Most enzymes sold are the lower-class food grade products and don't have a
lot of activity, while higher-class pharmaceutical grade enzymes are an assurance
of an enzyme working.
3. Next, I wanted a systemic enzyme
product with my brand name on it to be so strong that folks could take a much
lower dose than they had previously needed to take of other products. With the
undiluted, full-strength pancreatin in each of our Zymessence caplets equal to
1530 mg of USP enzymatic activity, when you then add the strength of the serrapeptase
and fruit enzymes over and above that, milligram per milligram 1 Zymessence caplet
is substantially stronger than 3 or more capsules/tablets of any other systemic
enzyme blend available at present.
But, since milligrams don't really
mean much in systemic enzyme blends anyway and activity can only be determined
by use, I always say: "The proof of any pudding is in the eating." When
I personally tested samples of Zymessence I found its action felt much greater
than the "milligram numbers" would suggest: I'm now able to achieve
with 3 caplets a day of Zymessence what I used to have to take 30 capsules daily
of one product or 60 tablets a day of another!!! While testing the new product,
my wife would catch me reaching, stooping and doing things I would have normally
winced at or just couldn't get myself to do at all!
Most Zymessence
users will find their dosing range between 3 and 6 caplets per day. So a bottle
of 180 enteric matrix caplets will last 1 to 2 months. Only if you have a building
fall on you or survive a parachute failure in a skydive should you ever need to
use 9 or more caplets a day. Mind you, I am not saying 3 to 6 caplets a few times
a day as with other products, I'm saying 3 to 6 caplets total per day tops!
As most customers who have used systemic enzymes know, the dose recommendations
on the label for most products are not what actually works for reducing inflammation
or fibrosis; the suggestions are just there for show as actual working or "Activation
Doses" are much higher. The suggested use recommendations on Zymessence are
what will actually work. Period.
4. Finally, delivery
of the enzymes had to be shielded against stomach acid destroying its action so
some sort of enteric protection had to be put into the product. Having dealt with
enteric coated and non-enteric coated enzymes for a decade, I've come to the conclusion
that even when the enzymes are cultured to withstand acids, these enzymes are
absorbed better and have a stronger action when they are protected against stomach
acid. An enteric coating protects things from acids. Acids can destroy some enzymes;
real animal based pancreatin and the serrapeptase's specifically, as acid
resistant forms of those enzymes have not yet been developed. In most products,
the protective enteric coating is just that, a coating on the outside of the tablet
or capsule. The problem there is that if the tablets get jostled, bumped or dropped
(as can easily happen inside bottles) and the coating is scratched, nicked or
otherwise compromised, then it will fail and the enzymes inside will be harmed/killed-off-in-part
by the stomach acids. Here is another place where my pharmacologist friend shines!
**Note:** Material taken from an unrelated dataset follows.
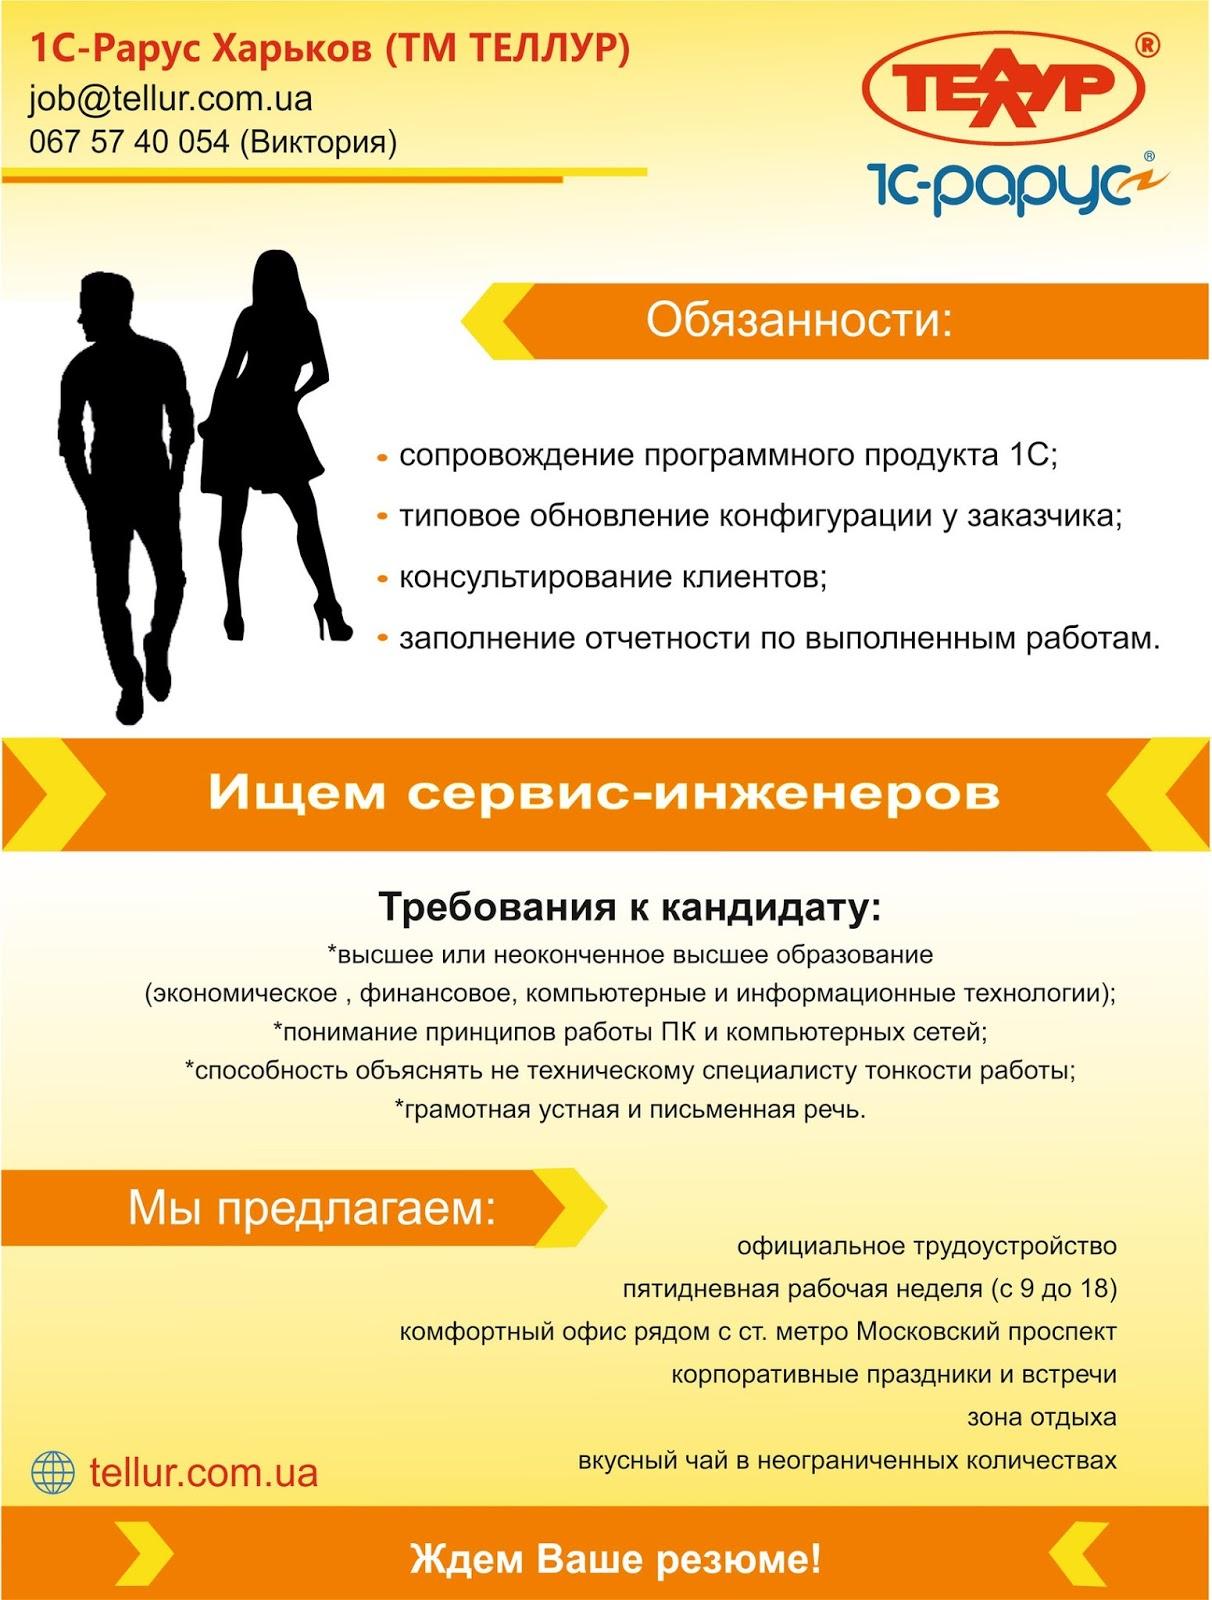 Вакансия в 1С-Рарус Харьков (ТМ ТЕЛЛУР)

Using his German pharmaceutical knowledge, my pharmacologist friend has made the
enteric coating run throughout the Zymessence caplet (oval shaped tablet). So,
the coating is not only on the outside but runs through the inner beads that compose
the caplet (micro-encapsulation), insuring against enteric coating failure. Again,
this makes for more enzyme activity getting inside of the intestines where it
is safe and alkaline. Once there, the enzymes are absorbed and taken throughout
the body.
So based on our own needs, public demand and our clinical and
professional experiences, we now present Zymessence: The only systemic enzyme
blend of its kind. Made to exacting standards in a pharmaceutical grade manufacturing
facility that is FDA certified as well as certified by the Swiss and German governments
to make pharmaceutical medicines for their nations! (German and Swiss pharmaceutical
manufacturing and purity standards are higher than those of the FDA's).
With over a half century of collective experience in enzyme making, therapeutic
action and clinical application that my pharmacologist friend and I have brought
together, I proudly bring you: Zymessence. I believe Zymessence is the finest
systemic enzyme product made. But, since the proof of the pudding is in the eating,
try one bottle of Zymessence and feel the difference.
References:
1a) Carroll A., R.: Clinical examination of an enzymatic anti-inflammatory agent
in emergency surgery. Arztl. Praxis 24 (1972), 2307.
1b) Mazzone A, et
al.: Evaluation of Serratia peptidase in acute or chronic inflammation of otorhinolaryngology
pathology: a multicentre, double blind, randomized trial versus placebo. J Int
Med Res. 1990; 18(5):379-88.
1c) Kee W., H. Tan S, L., Lee V. Salmon Y.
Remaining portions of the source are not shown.